▶ [Problem requirements]:
Return each line below exactly as it reads, and omit any image in it.

#### Data

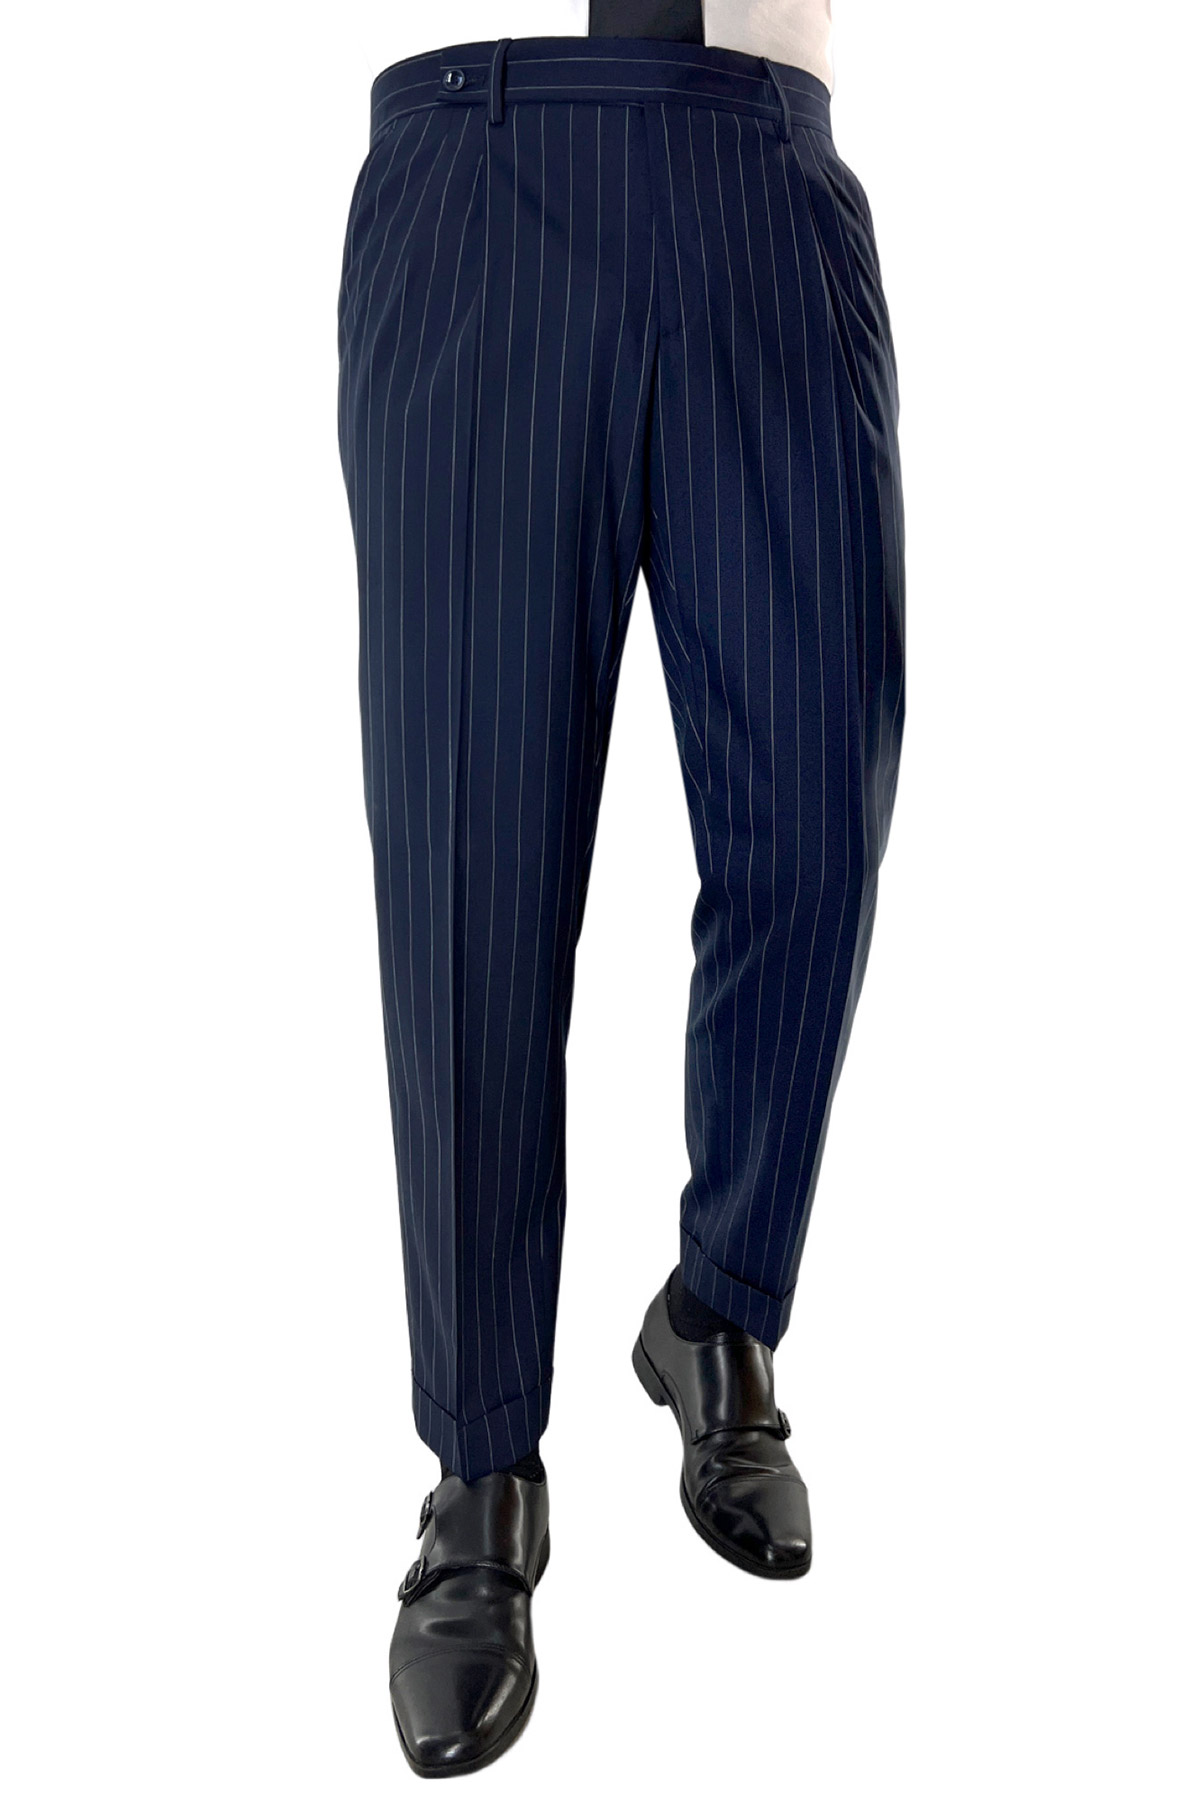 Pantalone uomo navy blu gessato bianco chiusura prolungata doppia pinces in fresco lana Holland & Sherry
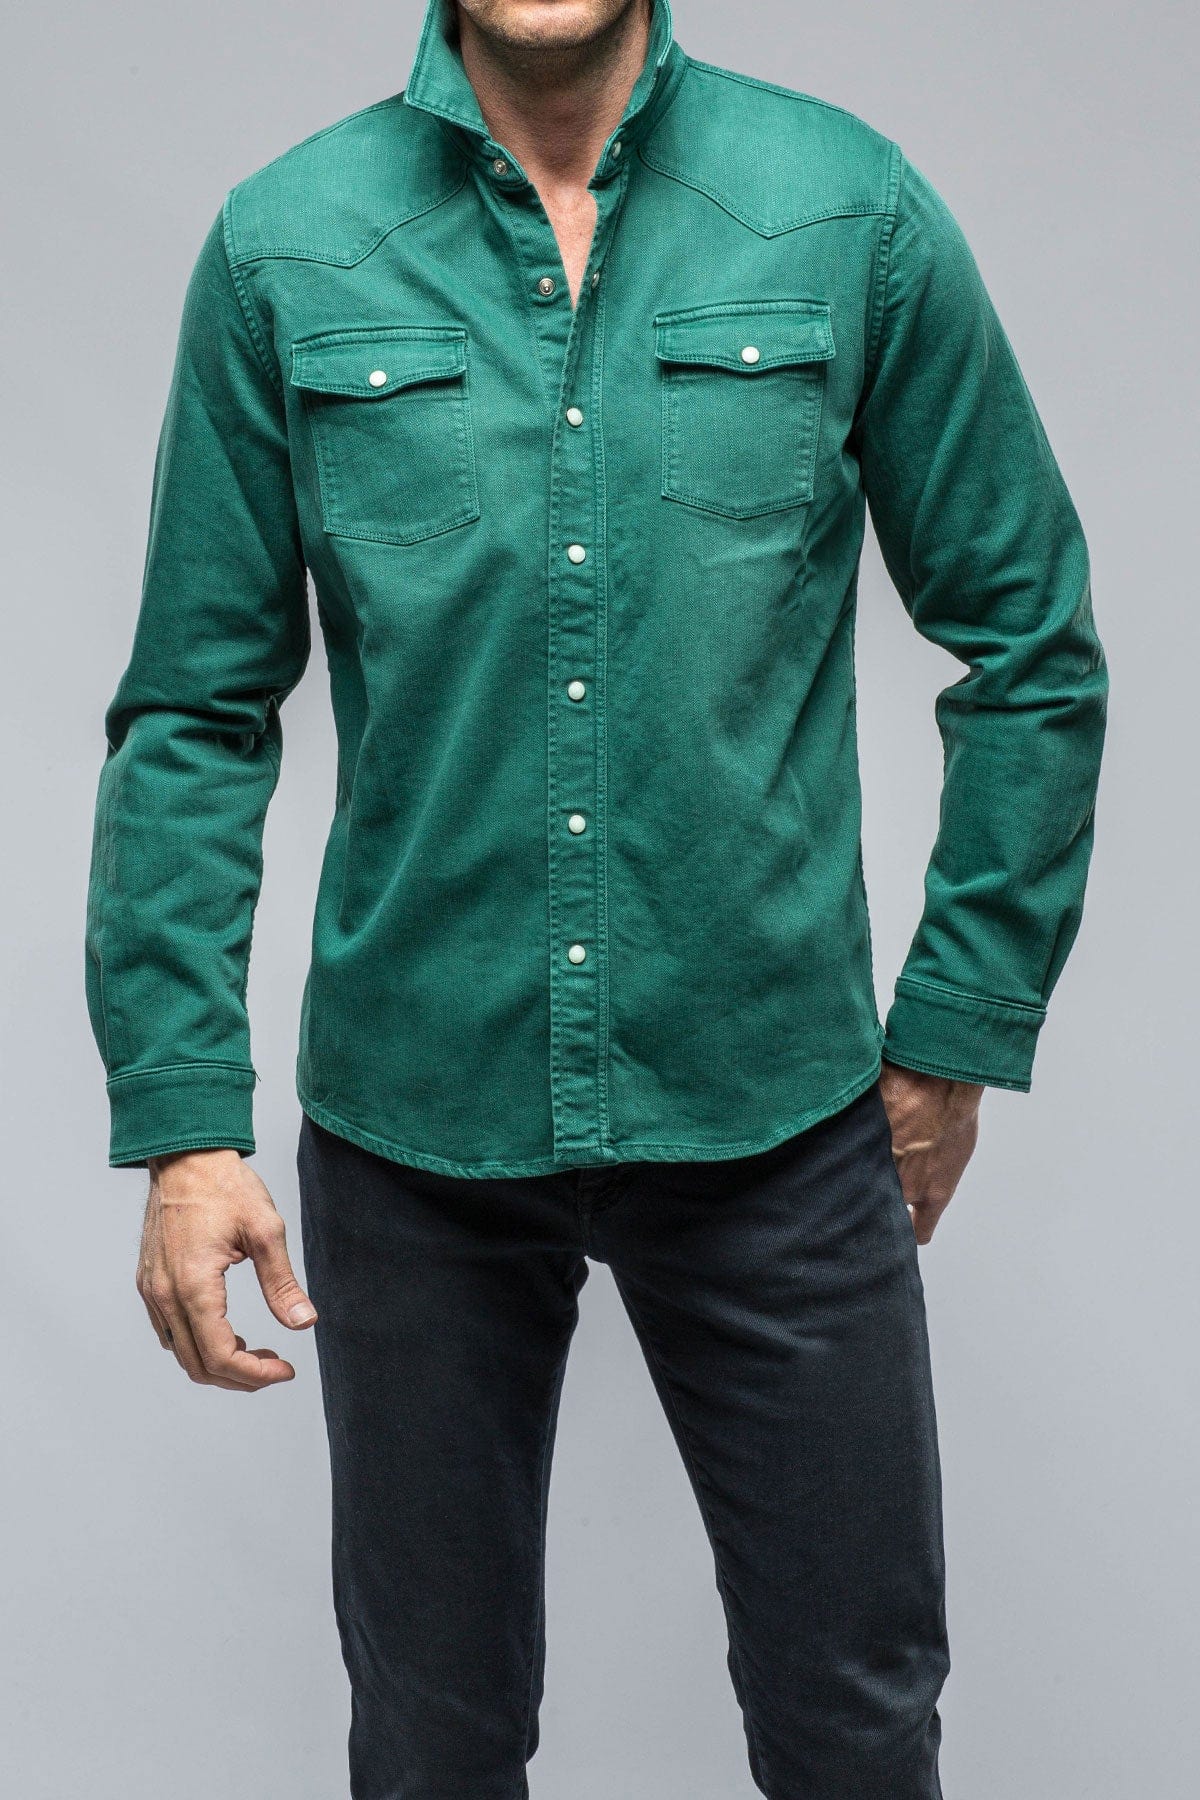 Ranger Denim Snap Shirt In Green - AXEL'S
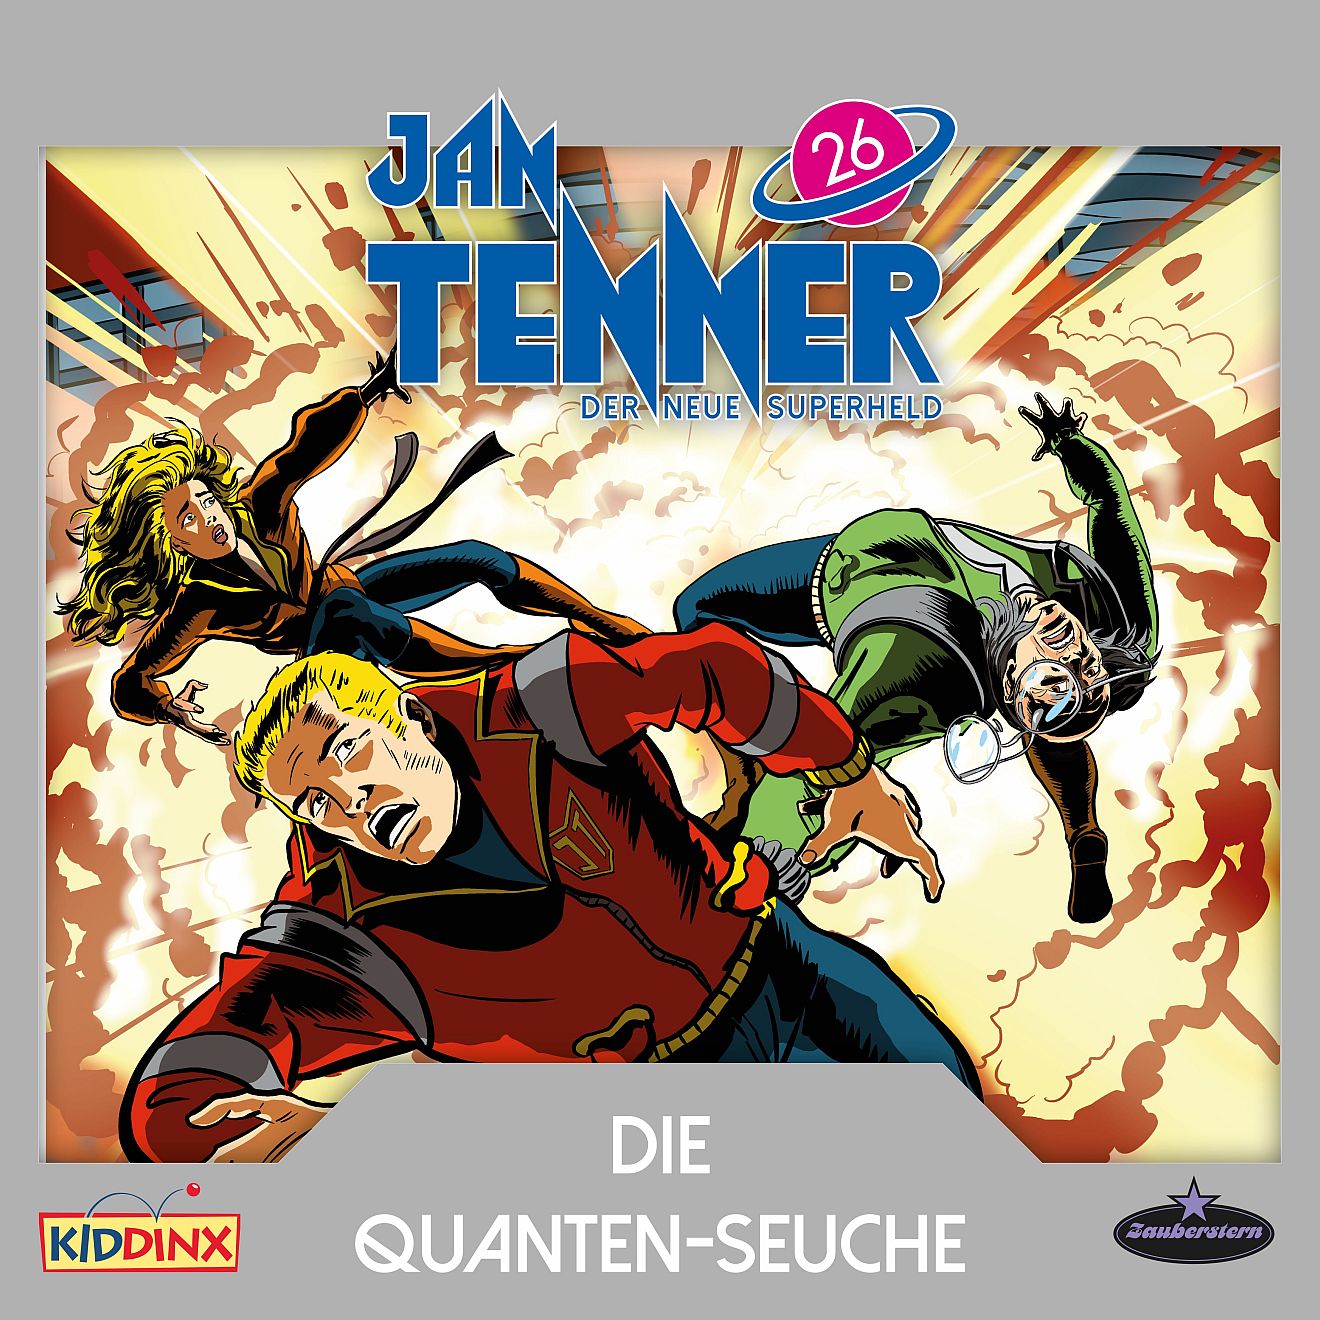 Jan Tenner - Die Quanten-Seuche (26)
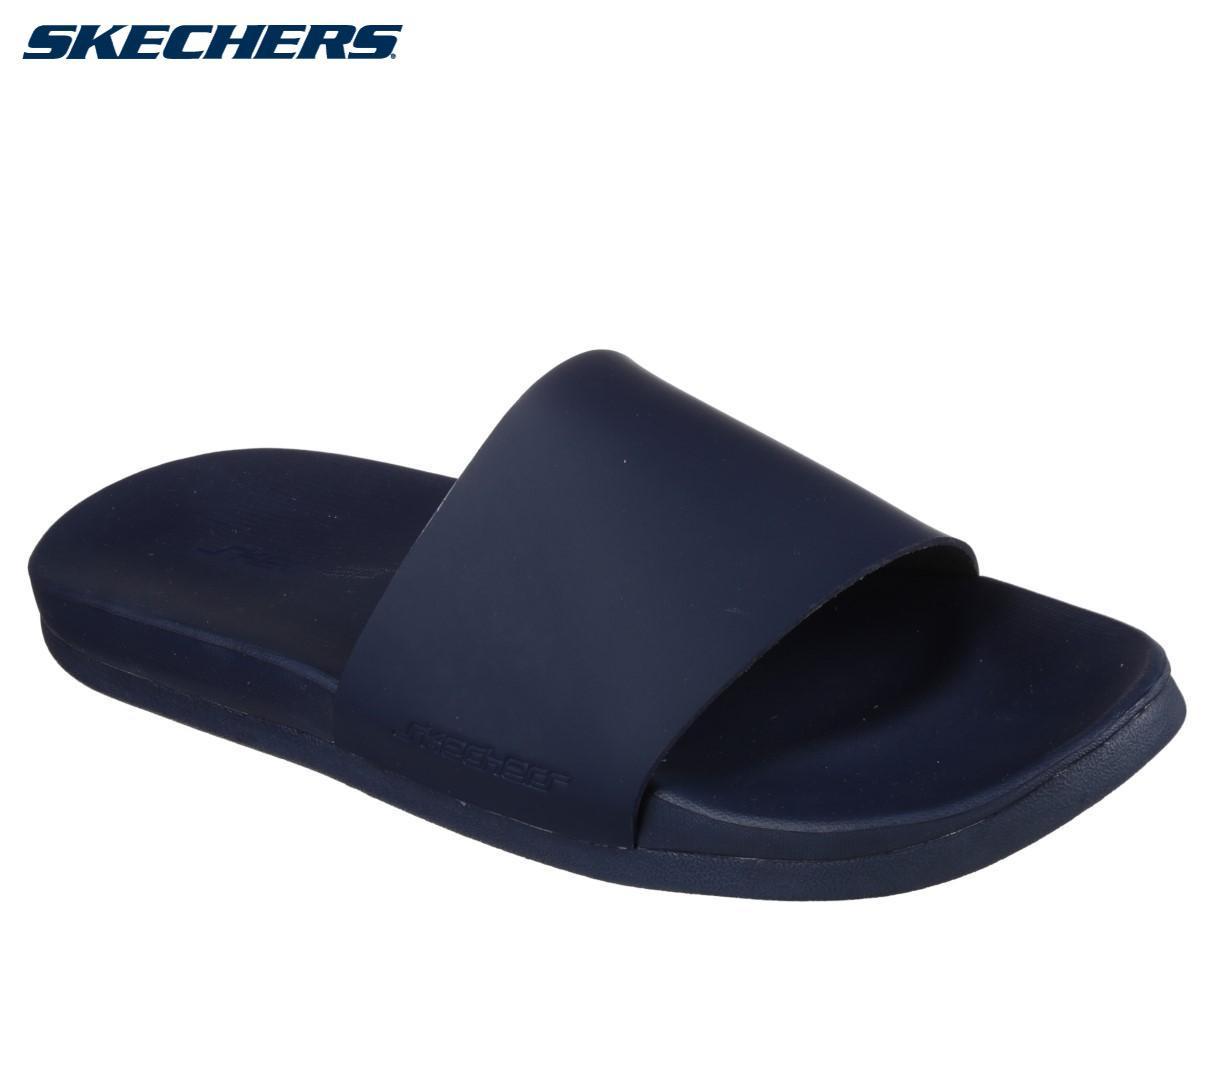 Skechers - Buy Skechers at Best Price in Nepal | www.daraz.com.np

########

▶ [Task solution]:
 Pantalone uomo navy blu gessato bianco chiusura prolungata doppia pinces in fresco lana Holland & Sherry
 Ranger Denim Snap Shirt In Green - AXEL'S
 Jan Tenner - Die Quanten-Seuche (26)
 Skechers - Buy Skechers at Best Price in Nepal | www.daraz.com.np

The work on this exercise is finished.